Hi there, Mr. Bear and I put 20% of our salaries into our pension and have done for a few years. We were switching mortgages a few years ago and we asked about the AVC contribution. 

We were told by our broker that because it is an optional saving, we could at some point change what we input into the pension.

If I were you, I would put money into a pension - as you are 39 and while you do have substantial savings you will need money when you retire...

P..


----------



## marti18 (8 Oct 2010)

pinkyBear said:


> Hi there, Mr. Bear and I put 20% of our salaries into our pension and have done for a few years. We were switching mortgages a few years ago and we asked about the AVC contribution.
> 
> We were told by our broker that because it is an optional saving, we could at some point change what we input into the pension.
> 
> ...


 
totally disagree......whats the value of your pensions now vs the money you have invested in?     now would be an ideal time to buy a house of your choice   Oh i wish!


----------



## pinkyBear (8 Oct 2010)

Hi marti, my pension is up!!! I have been doing this for 5 years! The reality is though its not up by a huge amount. However I want to live on something when I'm retired other than a state pension. 

Currently with pensions the tax break does make it worth it, if you are in the 40% bracket. I am roughly the same age as the OP, and i think it is important that I make some provision for my retirement.


----------



## marti18 (8 Oct 2010)

pinkyBear said:


> Hi marti, my pension is up!!! I have been doing this for 5 years! The reality is though its not up by a huge amount. However I want to live on something when I'm retired other than a state pension.
> 
> Currently with pensions the tax break does make it worth it, if you are in the 40% bracket. I am roughly the same age as the OP, and i think it is important that I make some provision for my retirement.


 

Pinky im in the exact same position and work for the government but as far as my pension well enough said......i just think it would be worth his while buying now a house with a big cash deposit due to the fact that there is great deal going on at the moment.

i would buy house first then put pension on the long finger. at the end of the day at least he has a home which is still worth X amount rather than a pension which may never perform nomatter what people say


----------



## pinkyBear (8 Oct 2010)

> Pinky im in the exact same position and work for the government


If you work for the government isn't your pension guarenteed? assuming you are permanent. 

The OP need not part with his lump sum! There are PRSA's and other options. The OP can do both, use lump sum for house and contribute to pension..


----------



## marti18 (8 Oct 2010)

pinkyBear said:


> If you work for the government isn't your pension guarenteed? assuming you are permanent.
> 
> The OP need not part with his lump sum! There are PRSA's and other options. The OP can do both, use lump sum for house and contribute to pension..


 
sorry to say this but nothing is guarenteed in this country. NOTHING!

i agree with your second point as in puttung house first then pension second or third or forth or........


----------



## pinkyBear (8 Oct 2010)

> sorry to say this but nothing is guarenteed in this country.

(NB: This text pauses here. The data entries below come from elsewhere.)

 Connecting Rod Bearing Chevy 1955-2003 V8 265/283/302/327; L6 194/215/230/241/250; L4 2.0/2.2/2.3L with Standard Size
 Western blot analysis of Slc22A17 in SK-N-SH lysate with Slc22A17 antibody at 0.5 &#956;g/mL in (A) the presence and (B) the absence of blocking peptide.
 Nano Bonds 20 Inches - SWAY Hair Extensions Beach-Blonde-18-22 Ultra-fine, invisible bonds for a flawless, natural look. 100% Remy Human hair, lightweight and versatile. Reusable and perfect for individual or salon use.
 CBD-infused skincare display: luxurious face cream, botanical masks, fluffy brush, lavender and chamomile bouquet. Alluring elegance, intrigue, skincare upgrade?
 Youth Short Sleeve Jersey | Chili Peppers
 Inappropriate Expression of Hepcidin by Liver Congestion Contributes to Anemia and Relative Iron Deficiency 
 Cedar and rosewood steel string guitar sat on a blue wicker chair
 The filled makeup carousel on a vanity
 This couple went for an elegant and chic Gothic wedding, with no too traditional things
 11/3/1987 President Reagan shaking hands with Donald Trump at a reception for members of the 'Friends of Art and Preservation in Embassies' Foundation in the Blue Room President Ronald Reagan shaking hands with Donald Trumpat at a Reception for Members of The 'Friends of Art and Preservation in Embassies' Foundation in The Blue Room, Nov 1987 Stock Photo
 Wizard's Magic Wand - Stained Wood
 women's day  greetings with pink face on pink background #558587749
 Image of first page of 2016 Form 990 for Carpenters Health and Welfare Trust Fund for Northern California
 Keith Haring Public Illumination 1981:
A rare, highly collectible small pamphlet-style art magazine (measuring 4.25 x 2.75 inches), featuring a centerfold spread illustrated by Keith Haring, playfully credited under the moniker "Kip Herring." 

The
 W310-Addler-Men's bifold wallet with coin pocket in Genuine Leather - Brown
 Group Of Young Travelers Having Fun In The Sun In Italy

NOTHING!


 
You do realise that words writen in bold in the internet is taken to mean shouting!! 
The reality is if you are a state employee you do have better pensions that those in the private sector. I know you dont know exactly what your pension will be when you retire however trust me your unions will fight all changes!!!

If you do work in the public sector - are you really in a position to advise someone how to manage a pension?? And please dont take offence, but you do have some guarentee...


----------



## T McGibney (8 Oct 2010)

pinkyBear said:


> Hi there, Mr. Bear and I put 20% of our salaries into our pension and have done for a few years. We were switching mortgages a few years ago and we asked about the AVC contribution.
> 
> We were told by our broker that because it is an optional saving, we could at some point change what we input into the pension.
> 
> ...



Two observations:

1. Much of the conventional wisdom in relation to personal finance has been turned on its head in the past few years. What was good advice then may well not apply now.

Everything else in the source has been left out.